*WHAT YOU HAVE TO DO:* Every line from the line containing "Санитарные врачи рассказали, как" through the end of the data is to be reproduced exactly, excluding pictures.

*AVAILABLE DATA:*
--- START ---
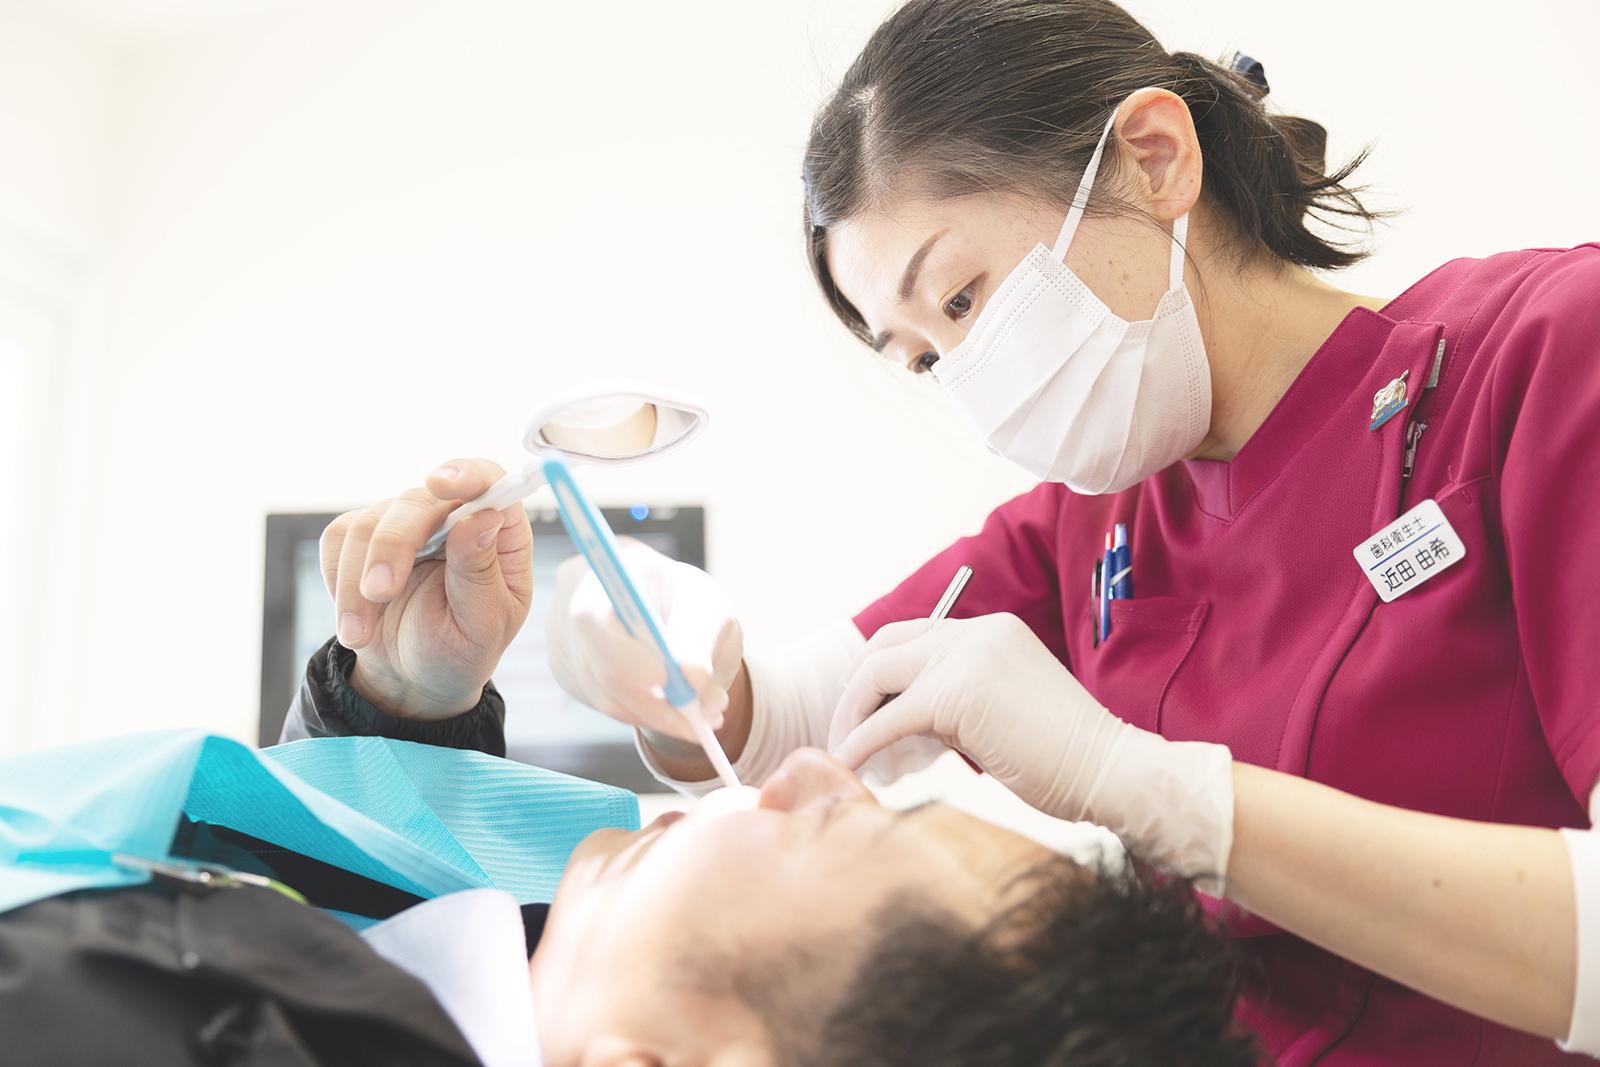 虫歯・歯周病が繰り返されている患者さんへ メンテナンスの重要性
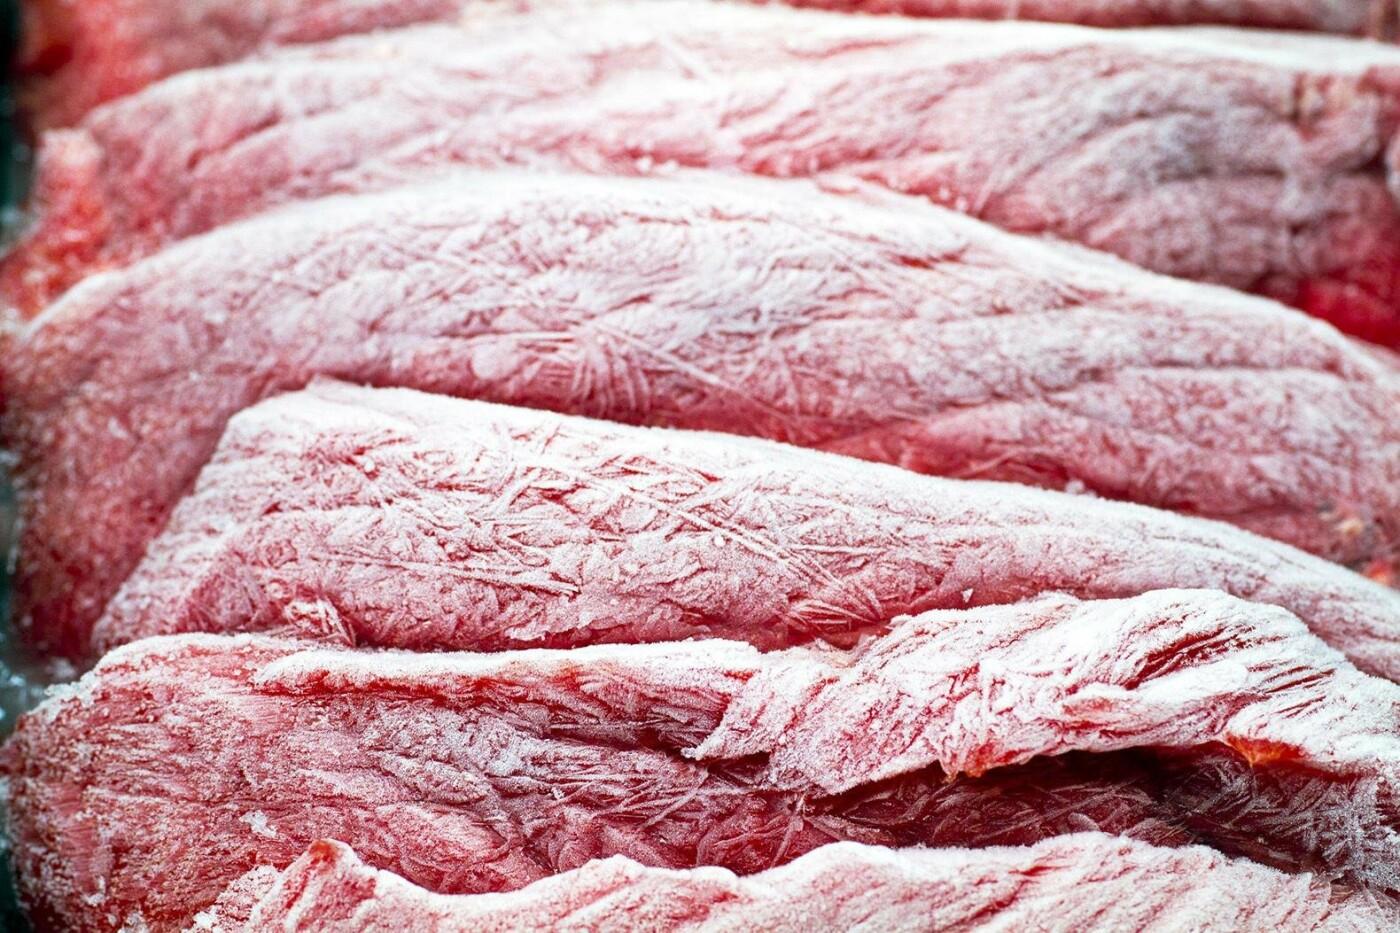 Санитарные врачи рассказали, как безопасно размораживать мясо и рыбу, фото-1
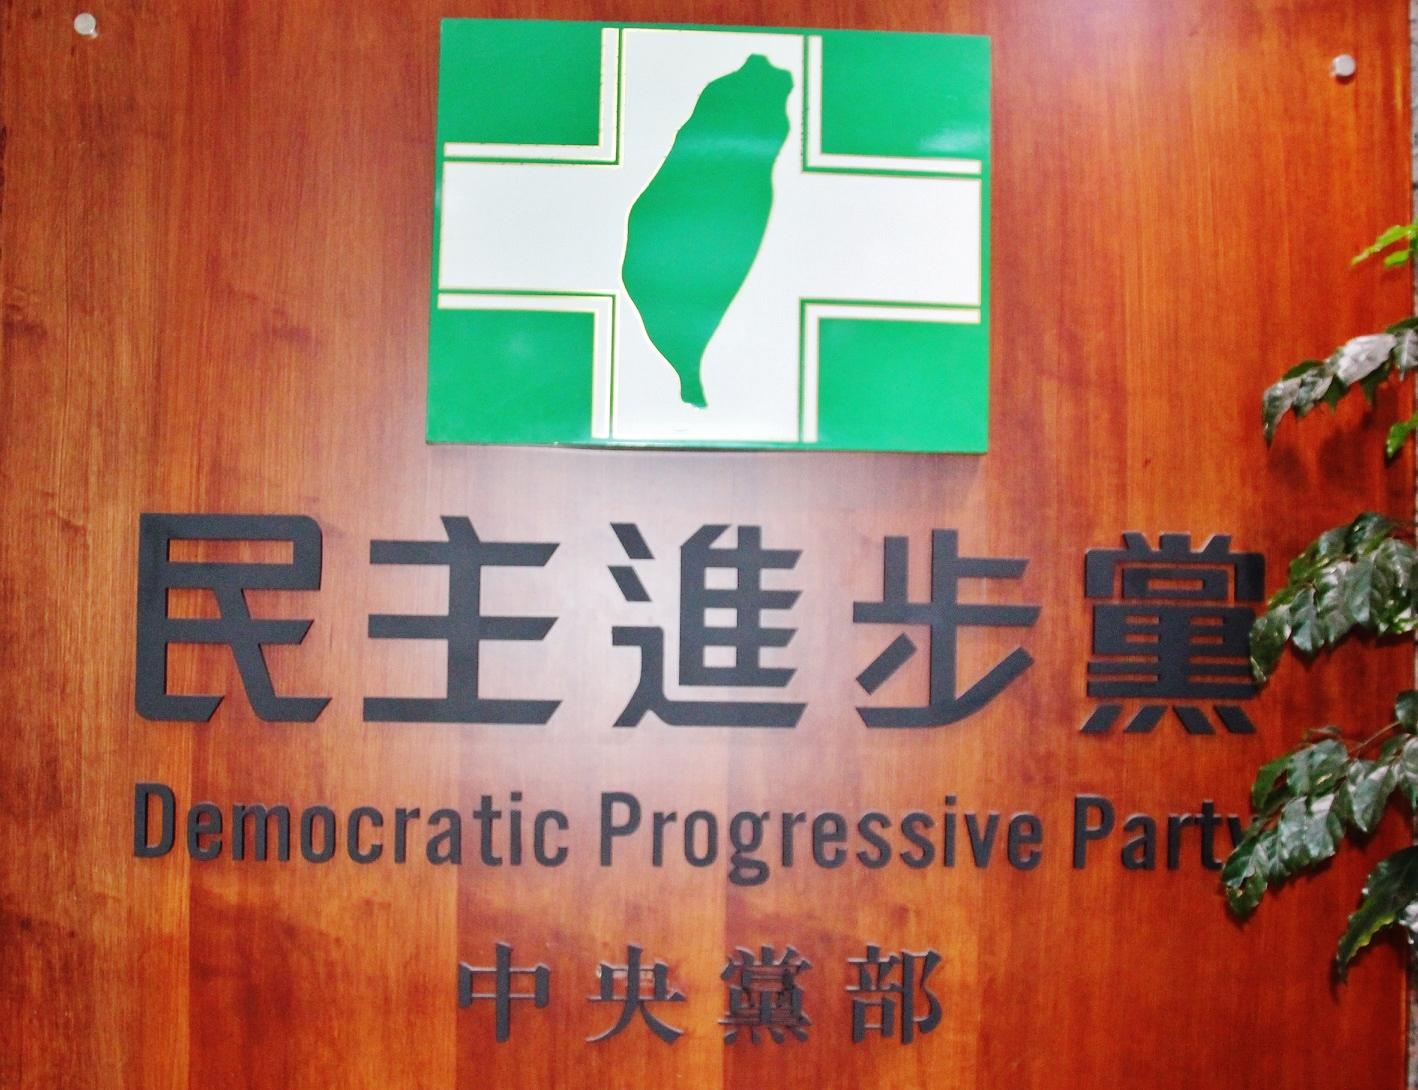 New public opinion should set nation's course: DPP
--- END ---
*RESPONSE TO THIS EXERCISE:*
 Санитарные врачи рассказали, как безопасно размораживать мясо и рыбу, фото-1
 New public opinion should set nation's course: DPP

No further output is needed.